What Is Justice?

Two socially disturbing incidents that happened in the province where I live speak to me about the question of justice. In 2016 a homeowner shot and killed a would-be thief who was trying to steal his truck from the driveway.[1] On August 18 a homeowner got into a violent altercation with an intruder who sustained life-threatening injuries. In the first incident, the homeowner was convicted of manslaughter and in the second incident, the homeowner was charged with aggravated assault. The popular reaction to the reported charges laid against the homeowners, as might be anticipated, has been outrage. With noted exceptions, most people side with the homeowners and their rights to protect their properties and families.

These incidents raise universal questions about justice and fairness; they also address our emotions about our own properties and our rights to self-defense. The popular reaction has been that no charges at all should be laid upon the homeowners, and one of my own friends surprisingly called the intruder, in the second incident, “scum” despite the intruder being a complete stranger. When the second incident was reported in the news, and the charge of assault was laid, even Premier Doug Ford of Ontario publicly stated his support for the homeowner and concluded his comments with “maybe these criminals will think twice about breaking into someone’s home” (CTV News, August 20, 2025).

In neither case do the public, including this writer, know much about the circumstances or the reasons why the charges laid were considered justified. In neither case did the popular mind consider the question of balanced responses and the weight of actions and reactions when considering justice. These two questions, balance and weight, have defined justice since time immemorial. Even in the cruelties of the Middle Ages, balance and weight, so often prejudicially measured, nevertheless, were used as factors of judgement. In antiquity Plato, Aristotle, and, later in the Christian tradition, Augustine all considered justice as balance and advocated for boundaries of justice (which I am referring to as “weight”) being necessary for community life. It makes sense because stealing a truck, in the first case above, is not a capital crime, and the motivation to break into a home, in the second case above, could have been hunger or safety or any number of other factors we currently do not know. We have a legal system that works to review the factors and to determine whether the violent responses were justified acts in balance with the perceived threats.

As the public, we rely on democratic institutions to work since these same institutions train our children and grandchildren to be lawyers, judges, police officers, and counsellors. The police, in the case of the break-in, have stated that they have not released to the public the circumstances they considered when laying the charge of assault. The outcry that immediately defends the homeowner’s right to beat an intruder into a coma is a quick reaction from instinct rather than from justice. It might be the case that the courts will rule the homeowner was bodily threatened and reacted with justified self-defense. Or it may be that the investigating officers know facts that the public do not know and that the charge of assault is the socially responsible charge. The public are not lawyers, the public are not investigators, the public have little or no education about justice, and the public, generally, have no knowledge about what actually happened in the cases of the theft and the break-in. The reason a legal system exists is to determine the appropriate course of justice according to the measurements of balance and weight.
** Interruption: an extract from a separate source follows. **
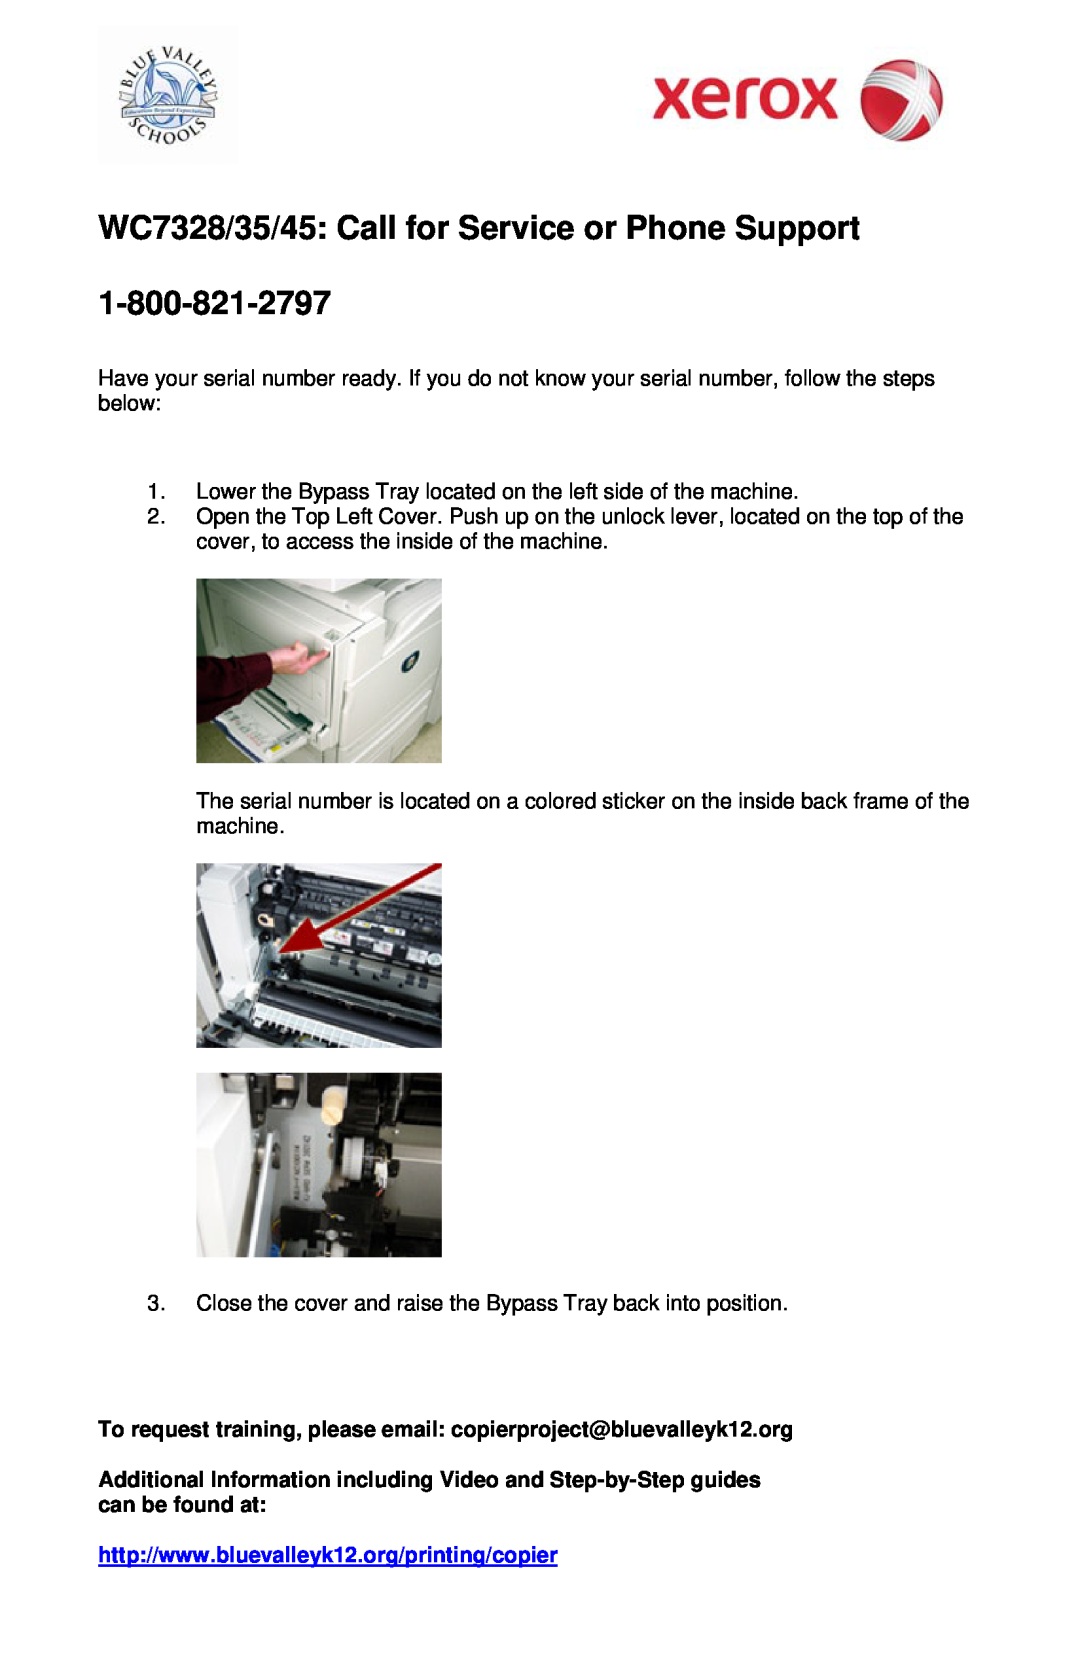 Xerox manual WC7328/35/45: Call for Service or Phone Support, 1-800-821-2797

Justice is not to be equated with extreme and disproportionate weight placed on violence. Justice is often confused with but has no relationship to revenge. Justice is the measurement of reason in relation to circumstance. Its resolutions need to address root causes, not surface actions. Justice must concern peacemaking, not retaliation. Justice must consider the unity of humankind, not the division of groups. These insights are not personal opinions but the backbone of teachings in the world’s diverse religions. A few quotations illustrate my point:

Live happily, not hating even those who are hostile. -Gautama the Buddha
Maybe you are searching among branches for what only appears at the roots. -Rumi
Blessed are the peacemakers, for they shall be called the children of God. -Jesus
That hand is not the color of yours, but if I prick it blood will flow and you shall feel pain. -Standing Bear

Extremism is wrong not because it is extreme but because it is socially irresponsible. It leads us to confusion about what justice means, what faith is really about, and, perhaps above all, what value reason holds. Extremist reactions, because they are extreme, do not hold balances and take away the measurements of fairness. These two social harms happen because reason is either blocked or hidden from the extremist view and because extremism devalues and sometimes ridicules the required education and training for specific judgements.

When we live in a society that no longer has care for the elements of justice, which are protected in institutions and founded on education, we will then live in an extremist society where any statement is as true as any other and where enemies proliferate by our own will.

[1] This case was recently in the news again because of an appeal.